Through her course on the “Gendered Politics of Food” as well as her “Environment, Gender, Race and Class” course, students work with community partners such as Campus Kitchen, Clarke Middle School, the Food Bank of Northeast Georgia and the Athens Land Trust to learn about environmental and social justice, better understanding the complexities of how food systems intersect with issues of access, justice and identity.

A frequent presenter on her community-based praxis, Herles was a Service-Learning Fellow in 2009-2010 and has been recognized with UGA’s Creative Teaching Award and the Sustainable UGA Outstanding Faculty Award.

Joseph Goetz

Joseph Goetz has co-authored numerous scholarly articles, chapters and books relating to innovative pedagogy for financial planning education, including service-learning.
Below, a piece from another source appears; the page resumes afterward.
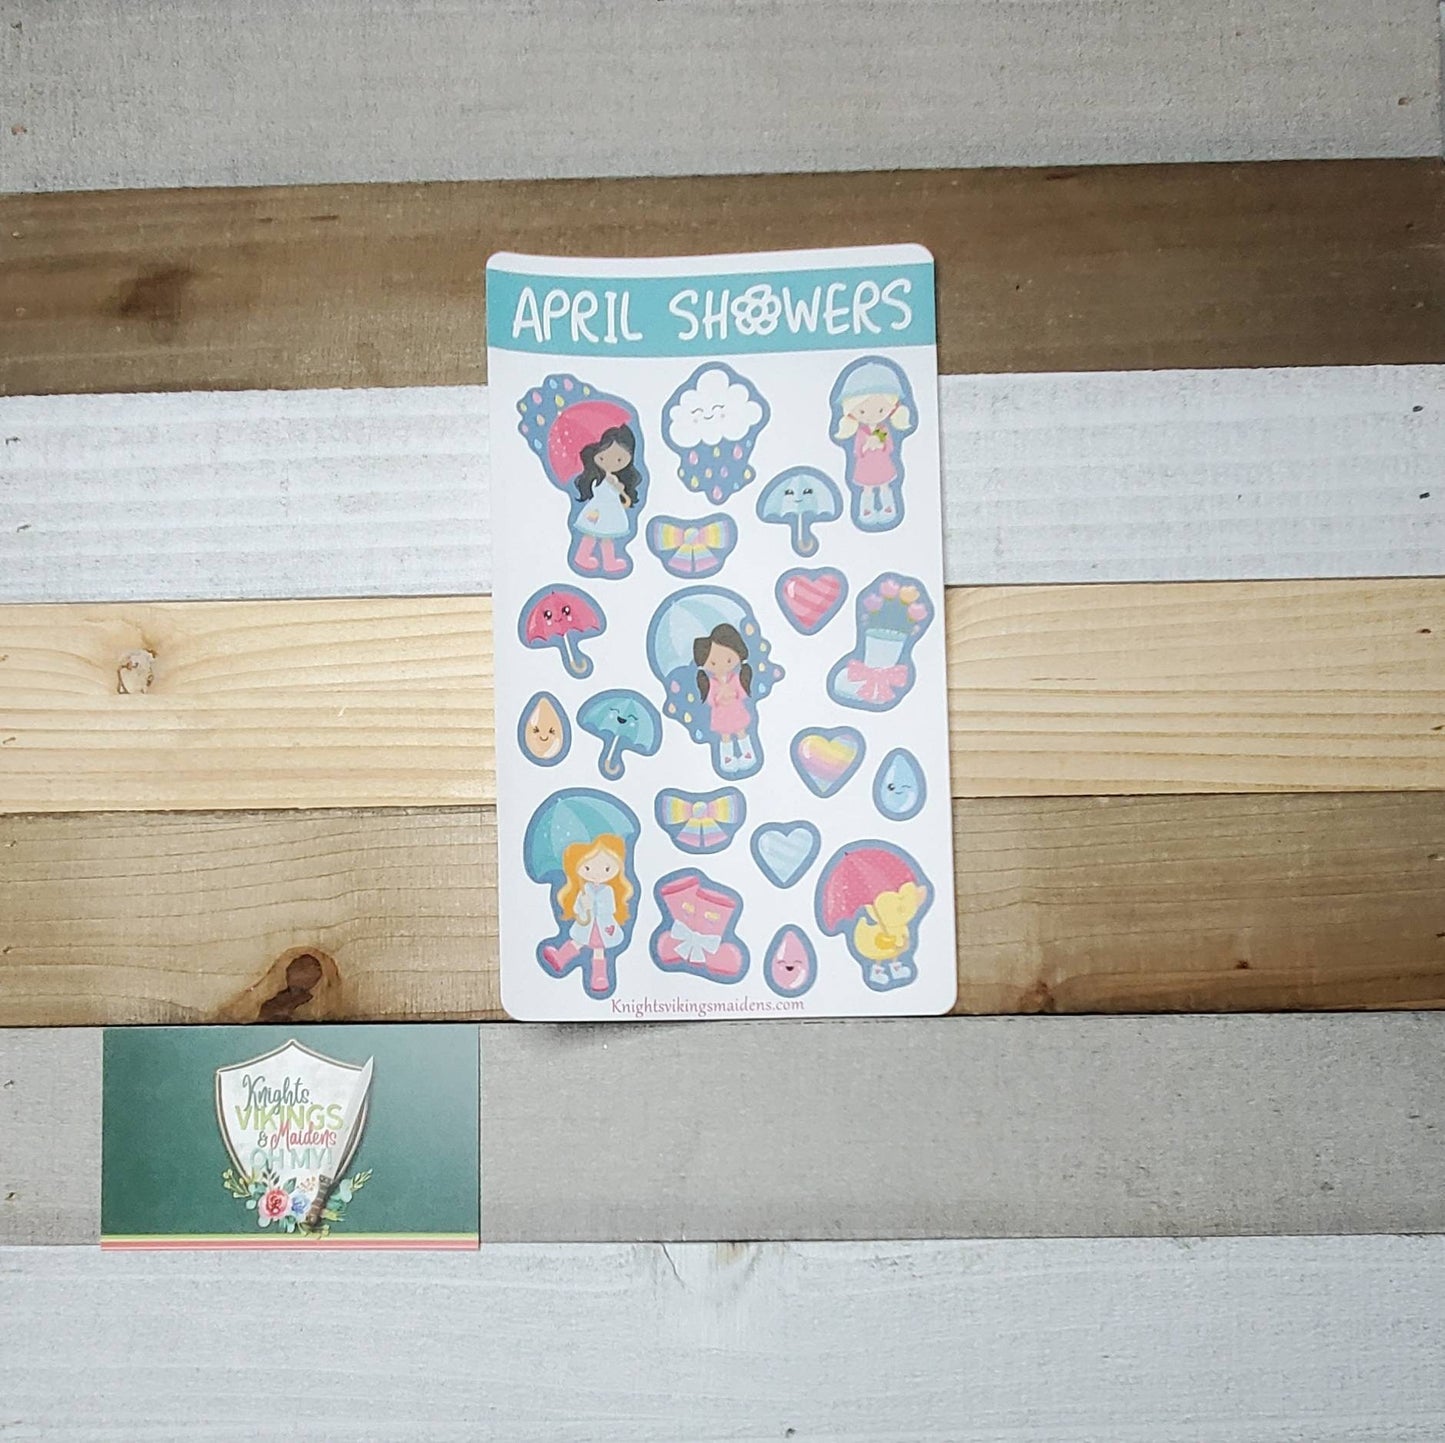 April Showers Sticker Sheet. Wet Weather Stickers Featuring Little Girls in Rainboots Playing in the Rain. April Bullet Journal Stickers.

A co-founder of UGA’s ASPIRE Clinic, Goetz annually teaches the “Clinical Practicum in Financial Planning” as well as a graduate course in “Advanced Financial Counseling and Client Communication,” engaging students in service-learning with low-income clients. Integrating his scholarship with this teaching, Goetz has developed a national reputation as a pioneer in teaching innovation through experiential learning in financial planning and was recognized as the 2013 Financial Counselor of the Year by the Association of Financial Counseling and Planning Education. A past Service-Learning Fellow and Lilly Fellow, Goetz also co-wrote a successful grant proposal to the Charles Schwab Foundation in support of expanding the capacity of the financial planning program’s public outreach and experiential learning opportunities.